Server-side sessions are important for many reasons. If I use localStore or something like that how could be secure I have no idea.
I need some help who worked on similar projects. You can give me suggestions. Because I never worked similar projects.
Other stuff I've read on this topic:
Single page application with HttpOnly cookie-based authentication and session management
SPA best practices for authentication and session management
I'm still confused to about what can I do.

Session handling is something your SPA doesn't really care much about. The session is between the user-agent (browser) and the server. Your vue application doesn't have much to do with it. That's not to say you can't do something wrong, but usually the issue is not with your front end.
That being said it's tough do give an answer to this question because we don't really know what's wrong. What I can do is give you instructions on how you can diagnose this kind of problem. During this diagnosis you'll figure out where the actual issue is and, at least for me, it usually becomes obvious what I need to do.
Step 1)
Use some low level HTTP tool to check the Server response (personally I use curl or Postman when lazy).
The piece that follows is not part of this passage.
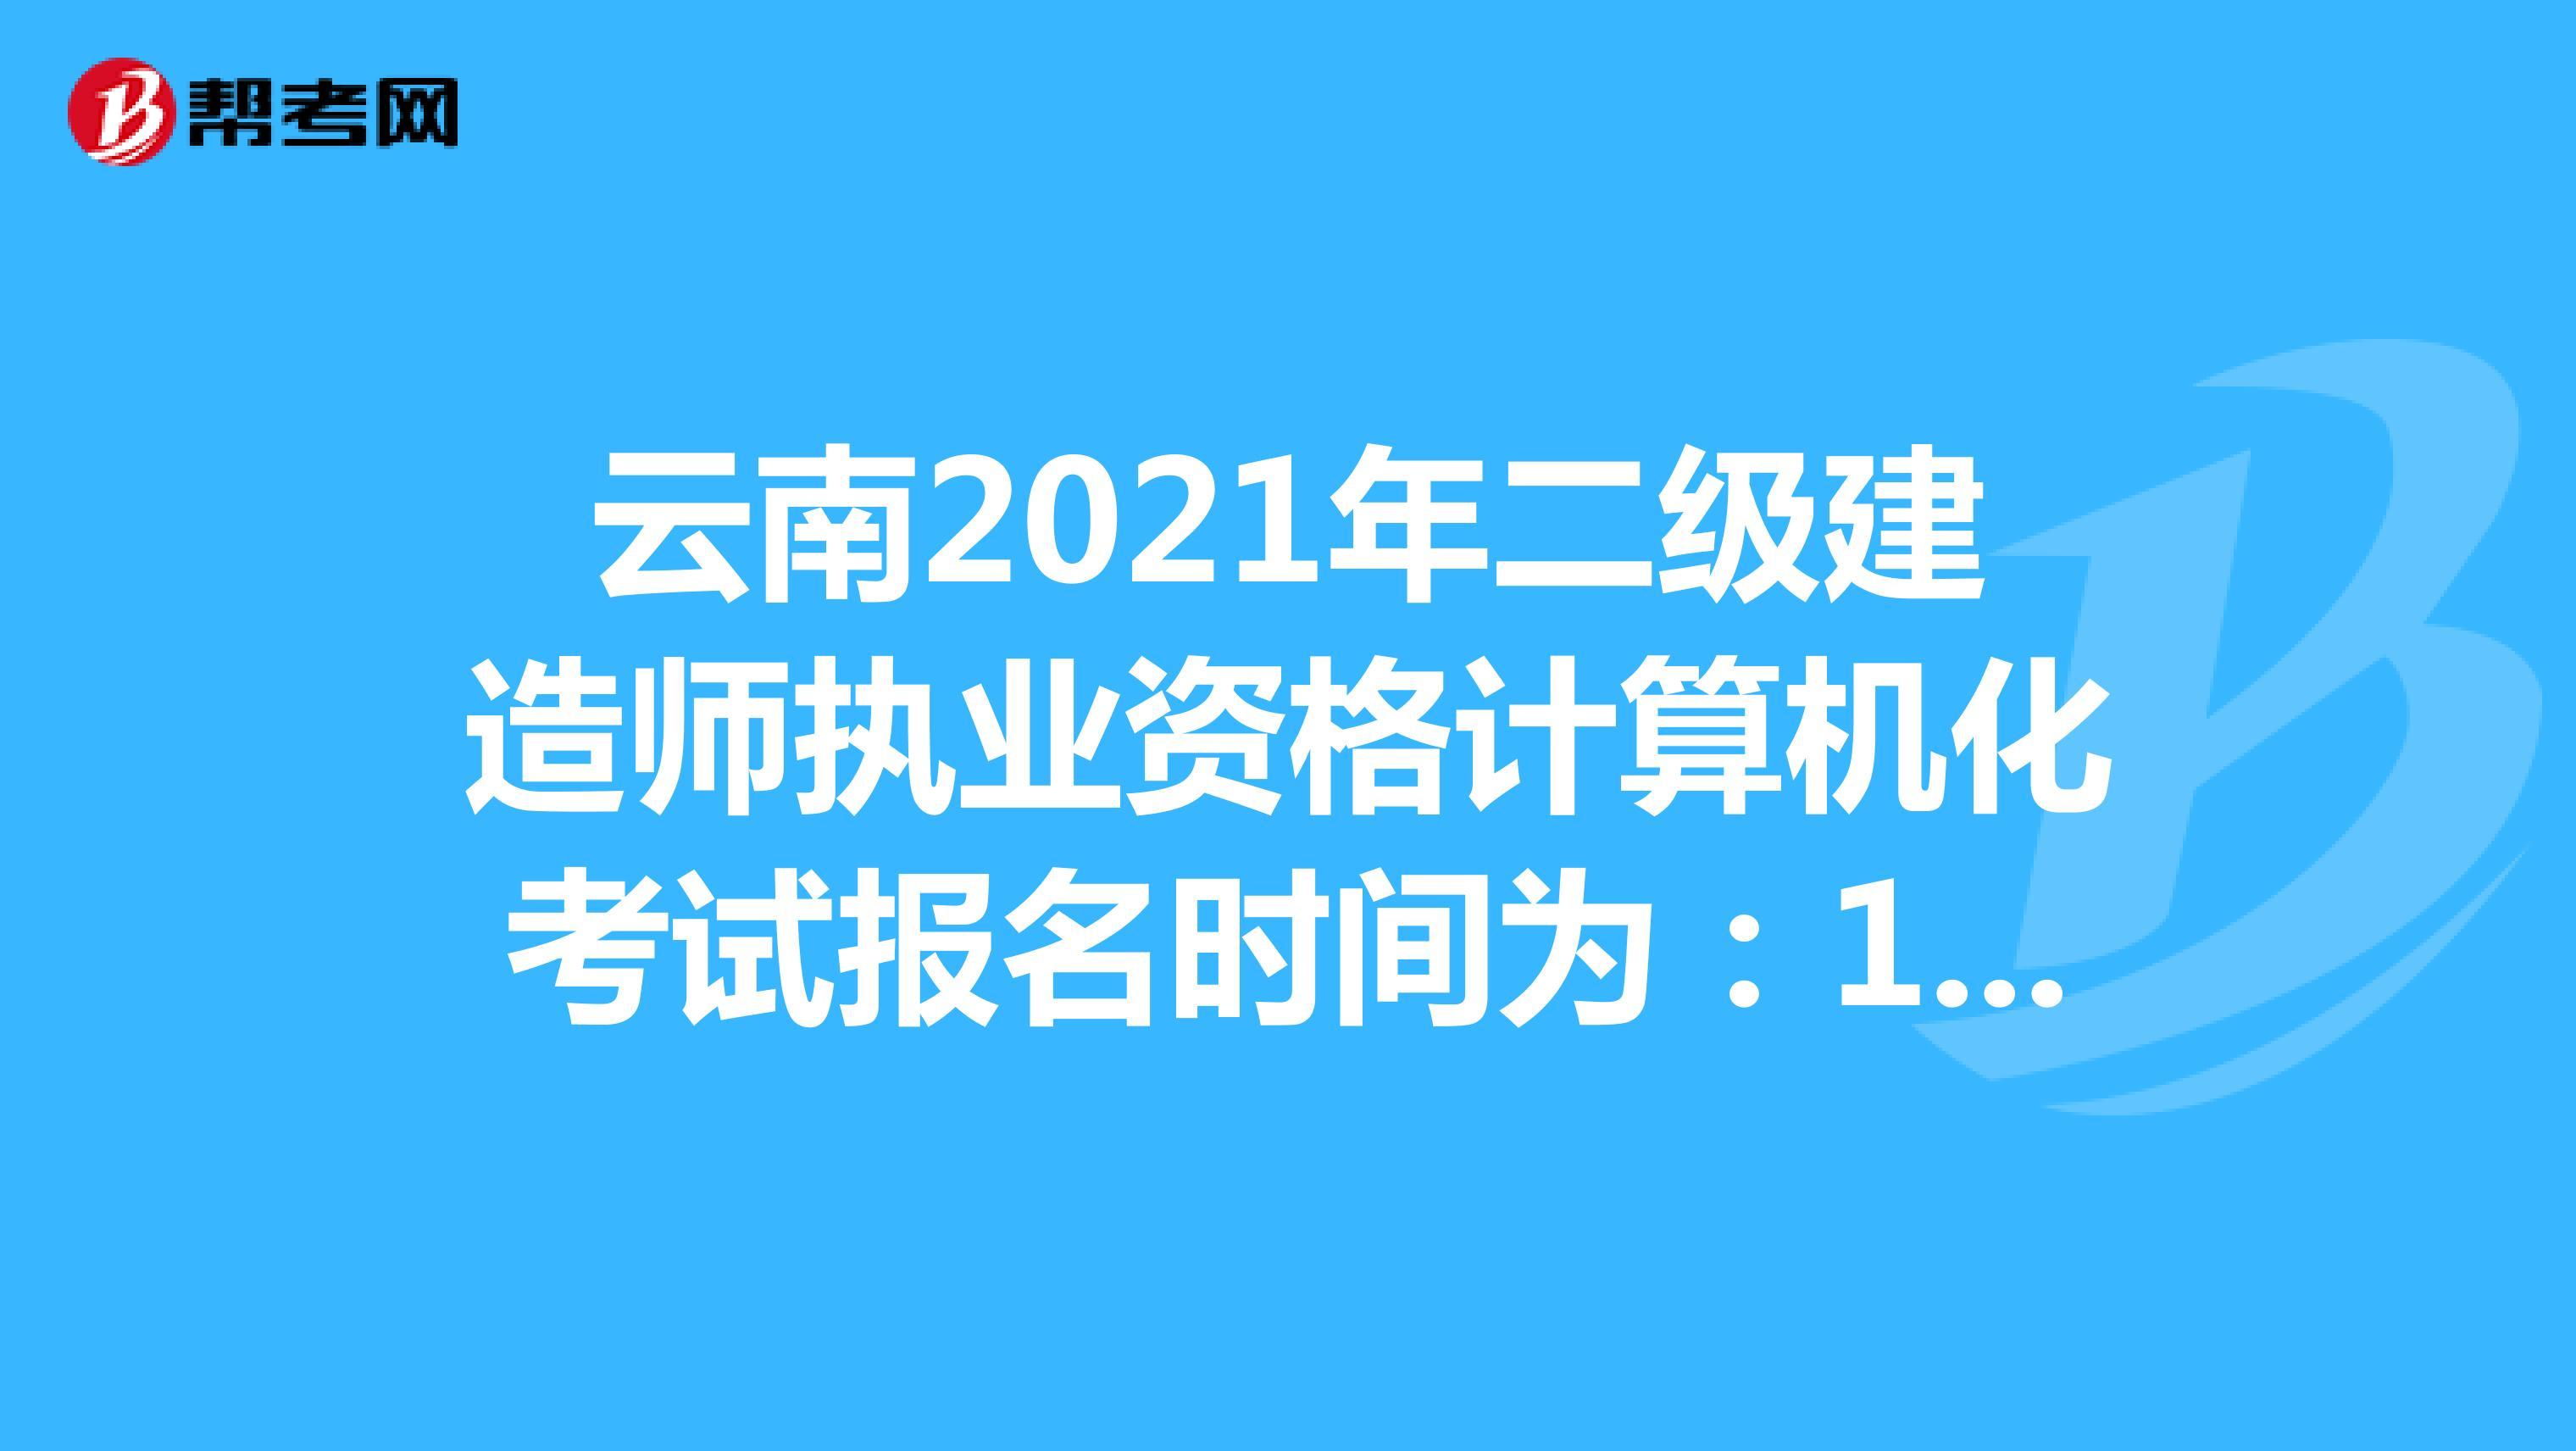 云南2021年二级建造师执业资格计算机化考试报名时间为:10月8日00:00-10月18日24:00

Send the login request to the server and take a look at the response headers.
When the login is successful you should have a header "Set-Cookie", usually with a content of a "sessionid" or whatever key you're using for sessions.
If you don't see a "Set-Cookie" one of the following is true:
Your server did not start a session and thus did not send a session cookie to the client
there's a proxy/firewall/anti-ad- or tracking plugin somewhere filtering out Cookies
If you see the Set-Cookie Header continue with Step 2, otherwise check the manual in regards to sessions in your chosen backend technology.
Step 2)
Thankfully most modern browsers have a developer console which allows you to do two things:
1) Check your HTTP request headers, body and response headers and body
2) Take a look at stored cookies
Using the first feature (in Chrome this would be under the "Network" tab in the developer console) diagnose the request and response. To do so you need to have the developer console open while performing the login in your app. Check the response of the login, it should contain the Set-Cookie if the login was successful.
If the cookie is not present your server doesn't send it, probably for security reasons (cross-origin policies).
If it is present, the cookie must now be present in the cookie store. In chrome developer console, go to the "Application" tab, expand Cookies from the left menu and take a look at the hosts for which cookies are present. There should be a cookie present which was set in the step before. If not the browser didn't accept the cookie. This usually happens when your cookie is set for a certain domain or path, which isn't the correct one. In such a case you can try to set the domain and/or path to an empty or the correct value (in case of the path a "/").
If your cookie is present, go to step 3
Step 3)
Remember when I said the app has nothing to do with the session. Every request you send either with ajax or simply entering a valid URL in the browser sends all cookies present for this host in the request headers. That is unless you actively prevent whatever library you're using to do so.
If your request doesn't contain the session cookie one of the following is usually true:
the usage of your http library actively prevents sending of cookies
you're sending a correct request but the cookie-domain/path doesn't match the request host/path and is thus not sent along
your cookie is super shortlived and has already expired
If your cookie is sent correctly then your sessions handling should work unless your server doesn't remember that session or starts a new session regardless of an existing session.
I realise this question is quite old and this extensive answer comes way too late, however someone with similar problems may be able to profit from it.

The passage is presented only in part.